Department of Neurology, Keio University School of Medicine, Tokyo, 160-8582, Japan.
NPJ Parkinsons Dis. 2022 Aug 5;8(1):97. doi: 10.1038/s41531-022-00367-y.
Missense variants in leucine-rich repeat kinase 2 (LRRK2) lead to familial and sporadic Parkinson's disease (PD). The pathological features of PD patients with LRRK2 variants differ. Here, we report an autopsy case harboring the LRRK2 G2385R, a risk variant for PD occurring mainly in Asian populations. The patient exhibited levodopa-responsive parkinsonism at the early stage and visual hallucinations at the advanced stage. The pathological study revealed diffuse Lewy bodies with neurofibrillary tangles, amyloid plaques, and mild signs of neuroinflammation. Biochemically, detergent-insoluble phospho-α-synuclein was accumulated in the frontal, temporal, entorhinal cortexes, and putamen, consistent with the pathological observations. Elevated phosphorylation of Rab10, a substrate of LRRK2, was also prominent in various brain regions. In conclusion, G2385R appears to increase LRRK2 kinase activity in the human brain, inducing a deleterious brain environment that causes Lewy body pathology.

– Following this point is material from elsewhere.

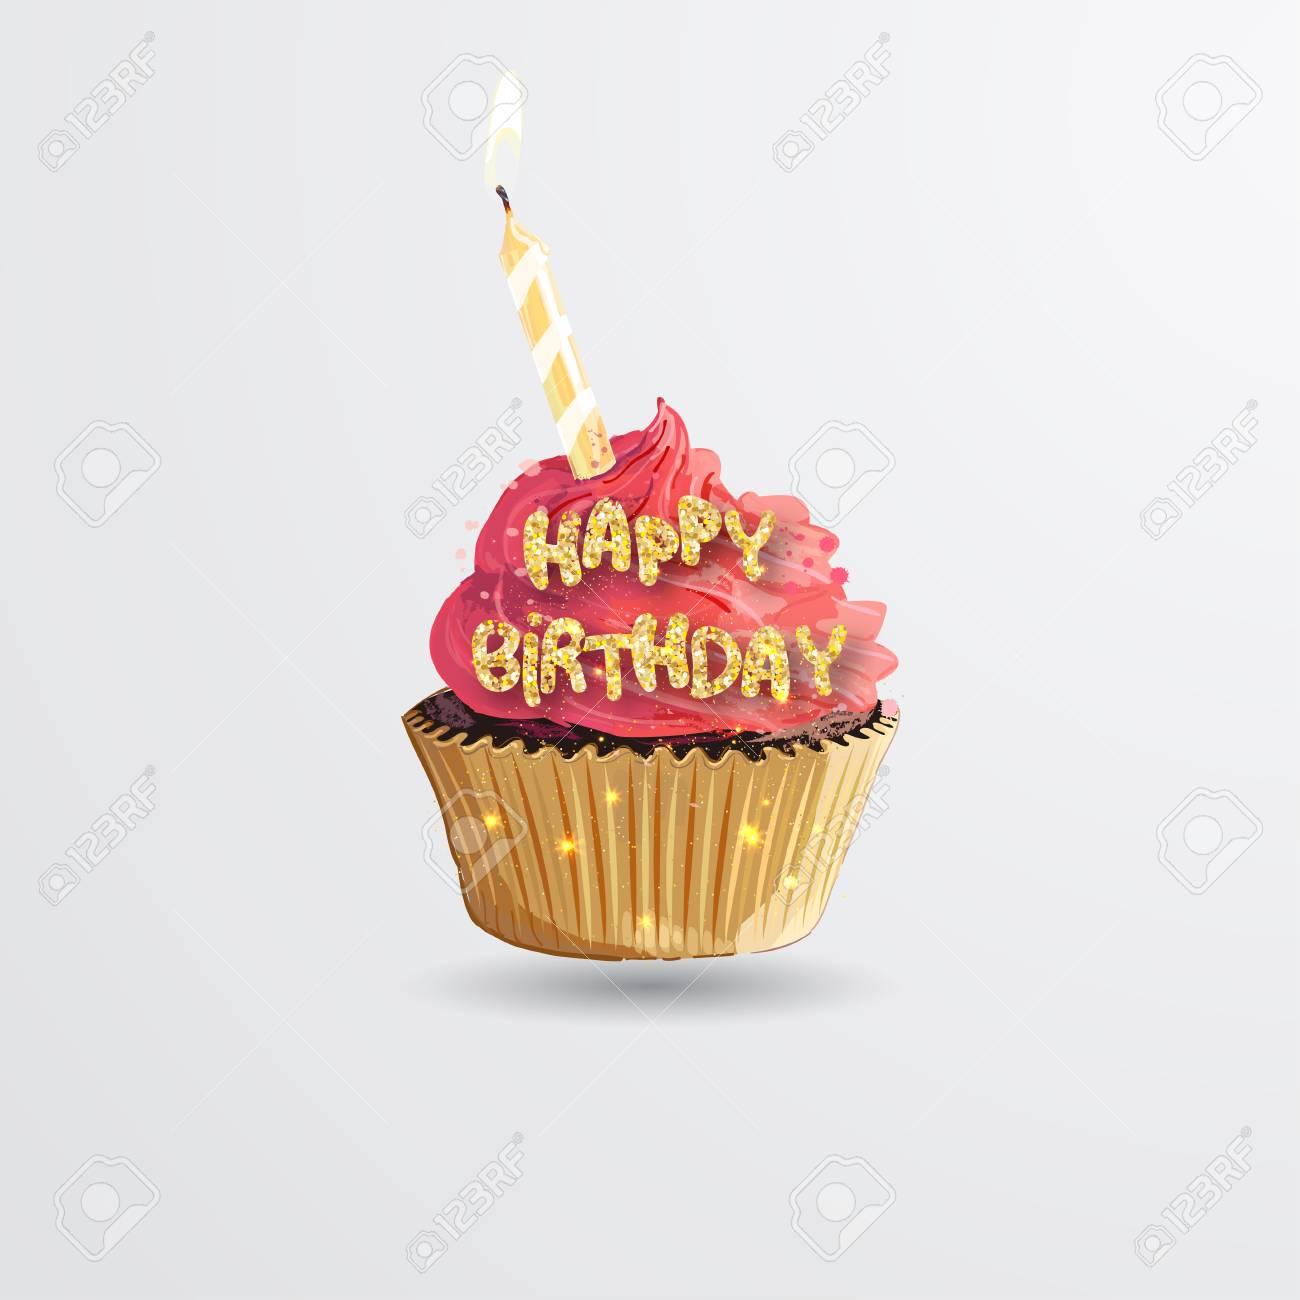 Wondrous Cupcake Sweet Birthday Cake With Candle Lit Happy Birthday Birthday Cards Printable Riciscafe Filternl

富含亮氨酸重复激酶2(LRRK2)中的错义变异会导致家族性和散发性帕金森病(PD)。携带LRRK2变异的PD患者的病理特征有所不同。在此,我们报告一例尸检病例,该病例携带LRRK2 G2385R变异,这是一种主要出现在亚洲人群中的PD风险变异。患者在疾病早期表现为左旋多巴反应性帕金森综合征,晚期出现视幻觉。病理研究显示存在弥漫性路易小体,并伴有神经原纤维缠结、淀粉样斑块以及轻度神经炎症迹象。生化分析表明,去污剂不溶性磷酸化α-突触核蛋白在额叶、颞叶、内嗅皮质和壳核中积累,这与病理观察结果一致。LRRK2的底物Rab10的磷酸化水平升高在各个脑区也很显著。总之,G2385R变异似乎会增加人脑中LRRK2激酶的活性,诱导产生导致路易小体病理改变的有害脑环境。